The rules are simple. The first Hollywood celebrity or insider that can drink me under the table wins an autographed 8x10-foot mural of The Showman in his prime. I know what you’re probably saying. Why the heck would a Hollywood star want an autographed photo of another Hollywood star? Well, if you’ve never been to Hollywood, you don’t know how these things work.

The event will be held this Sunday, starting at 11:00 a.m. at the gazebo on the southwest corner of my estate. Which will be nice, because I haven’t been to that part of my vast property in ages. The contest is a round-robin, double elimination tournament that should be over by around 9:30 that same evening or so.

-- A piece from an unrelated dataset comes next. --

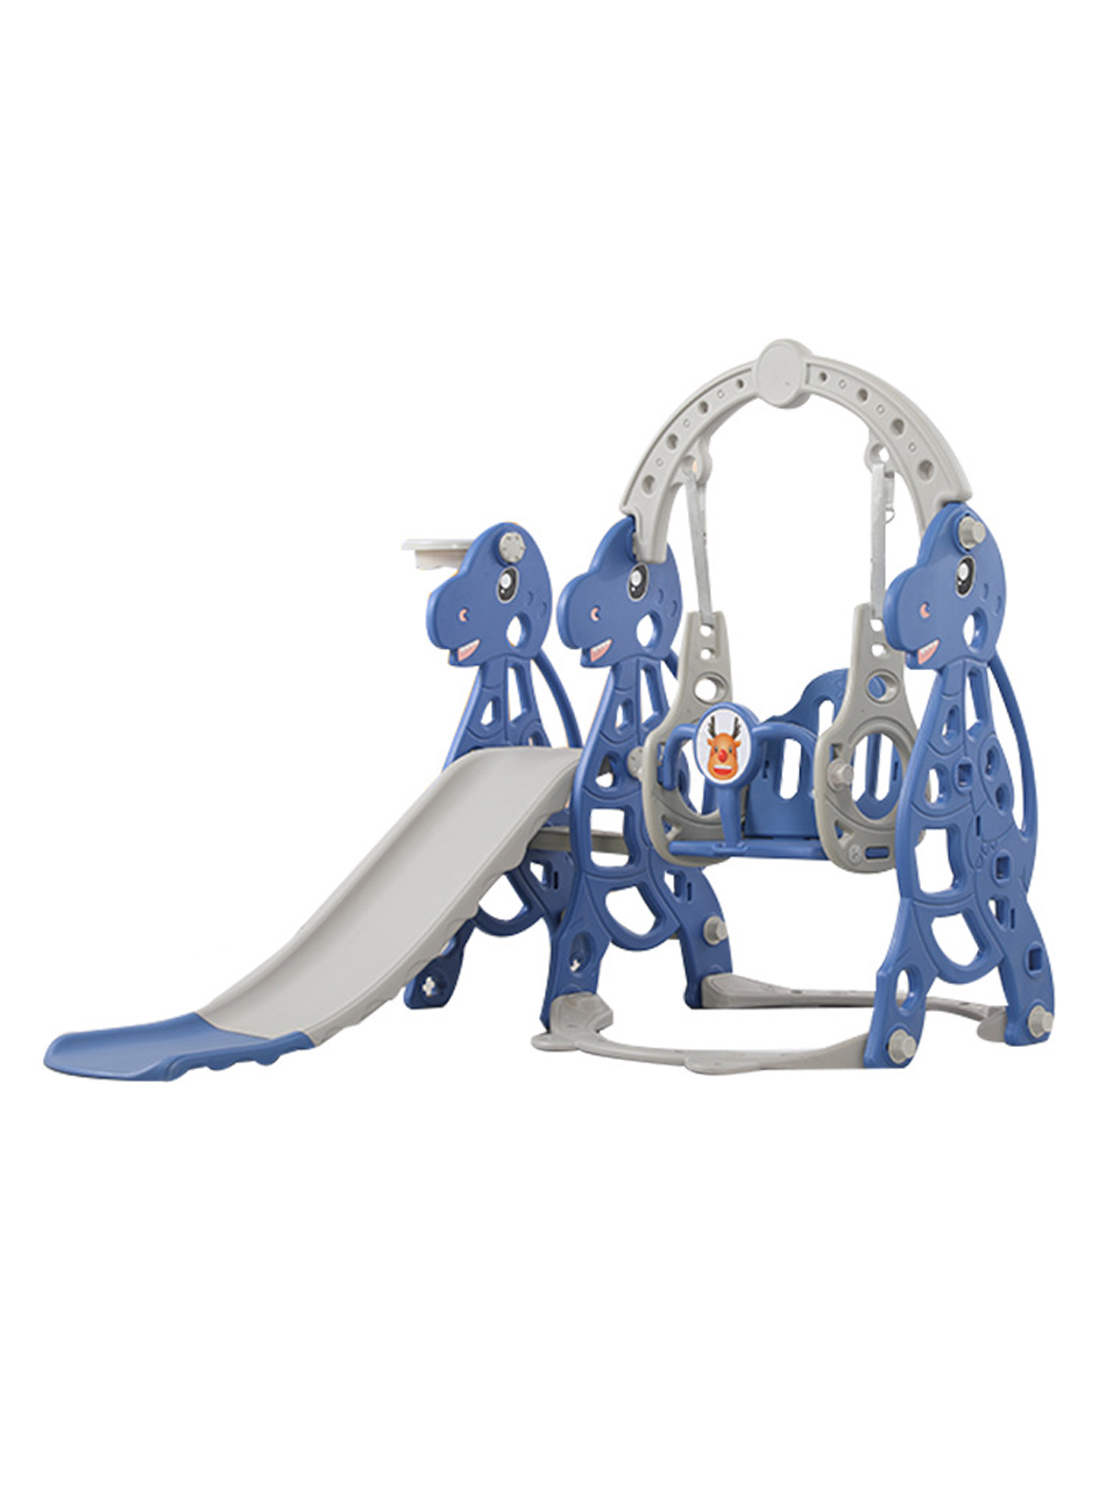 4 in 1 Toddler Slide Swing Set, Indoor Baby Slide, Includes Slide, Swing, Basketball Hoop, and Climber, Freestanding Slide Climber Playset Toy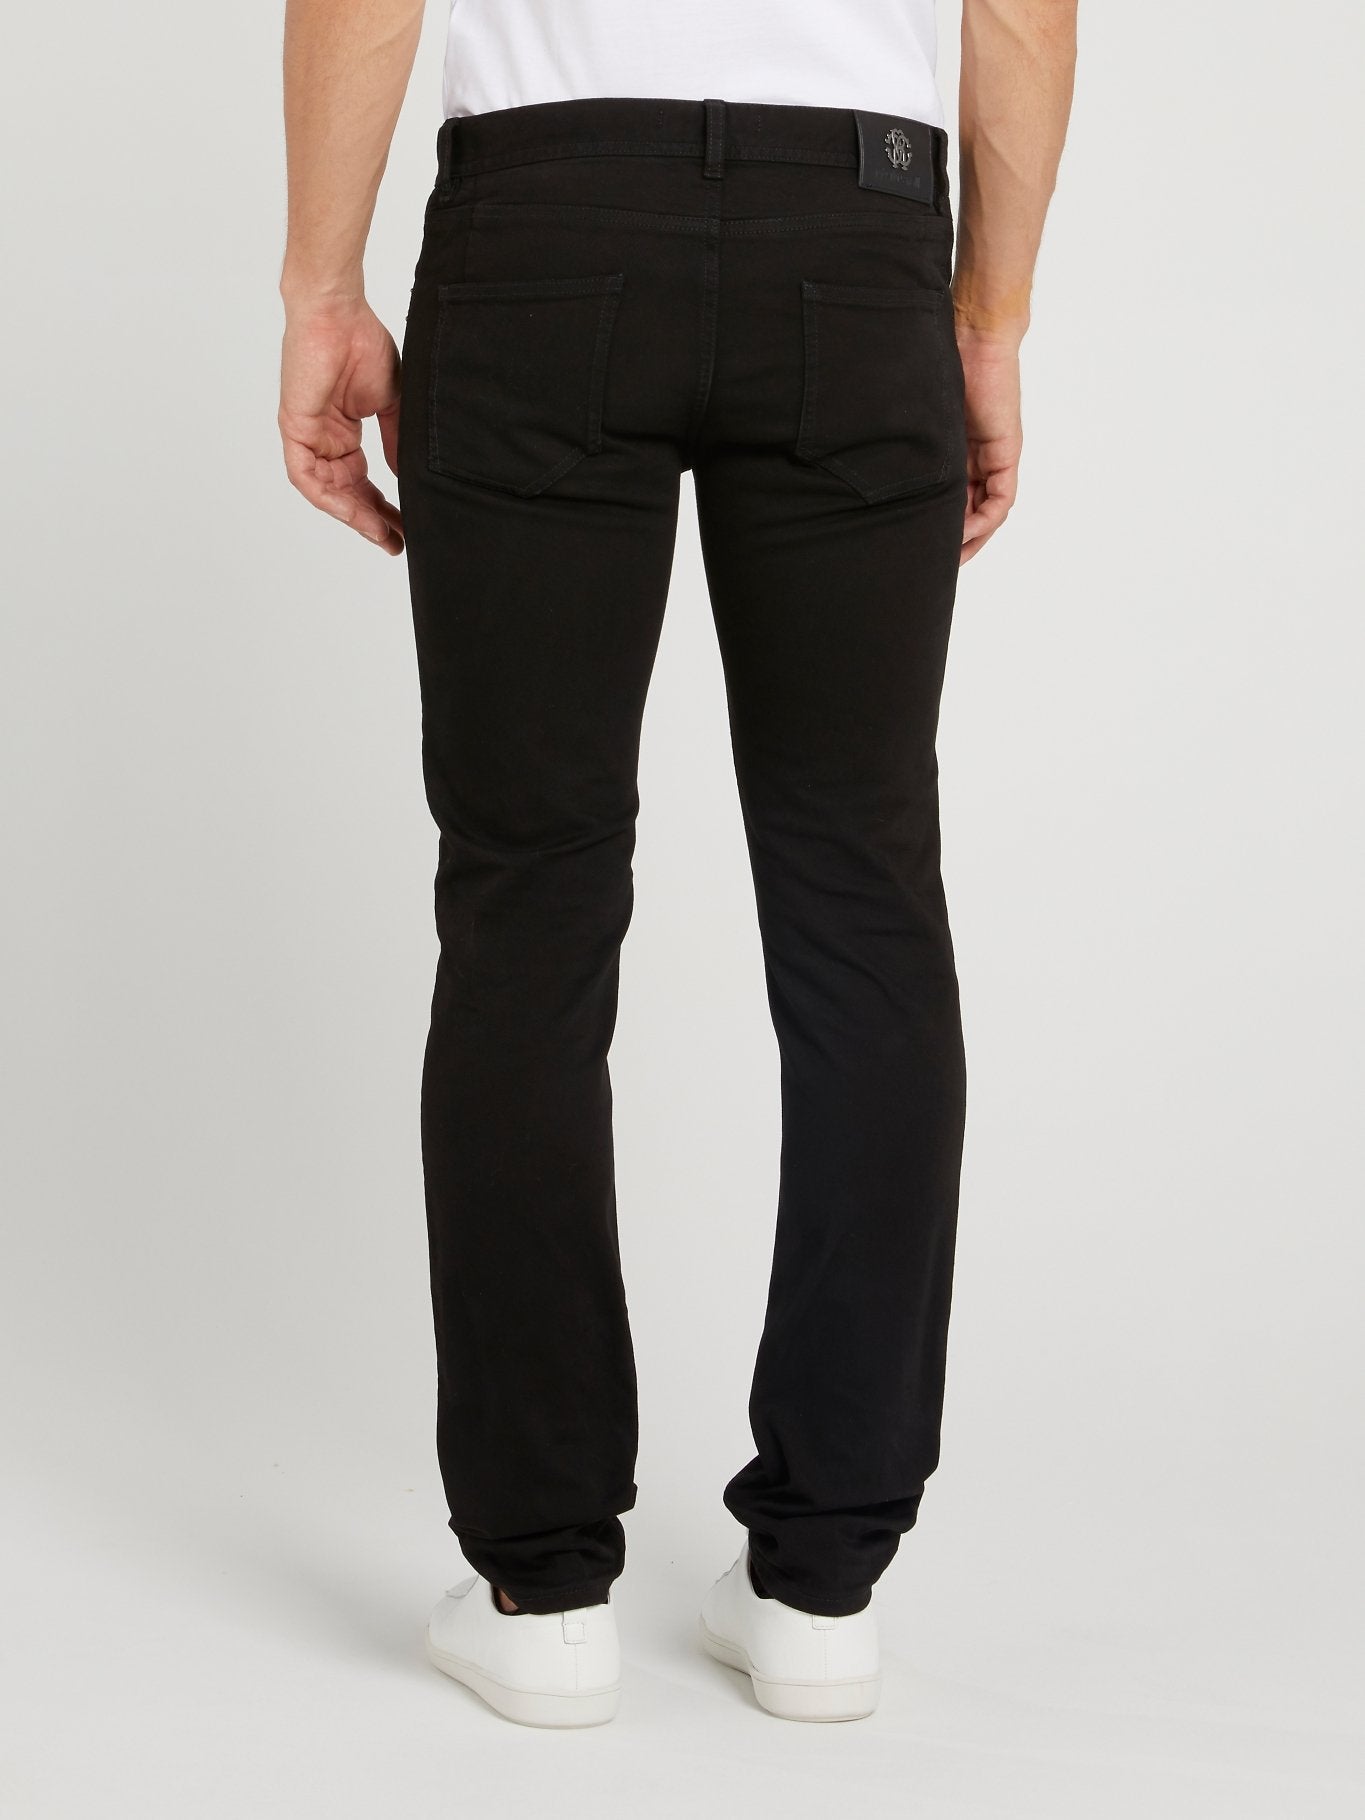 Black Stud Detail Skinny Jeans

Tickets go on sale today. Call Ticketmaster or stop by the estate and Steve will straighten you up. And to make you feel good about buying the tickets, whatever money isn’t spent on booze goes straight to charity.

So put on your favorite drinkin’ hat, and come on out to Rancho de Bumpers Sunday afternoon. I’ve drawn Judge Reinhold in the first round, which is a cakewalk for The Showman because Reinhold is half-Mormon. I should be able to conserve liver capacity for the second round, when I take on the winner of the soggy Ted Kennedy/Ted Danson match.

Some of the key first-round matchups include Gary Coleman/Emmanuel Lewis, Sammy Hagar/David Lee Roth, Jesse Helms/Strom Thurmond, and John Paul Mitchell/Gary Nexus.
Now if you’ll excuse me, I’m gotta go drop the kids off at the pool.

I’m winkin’ at ya, and thinkin’ of ya.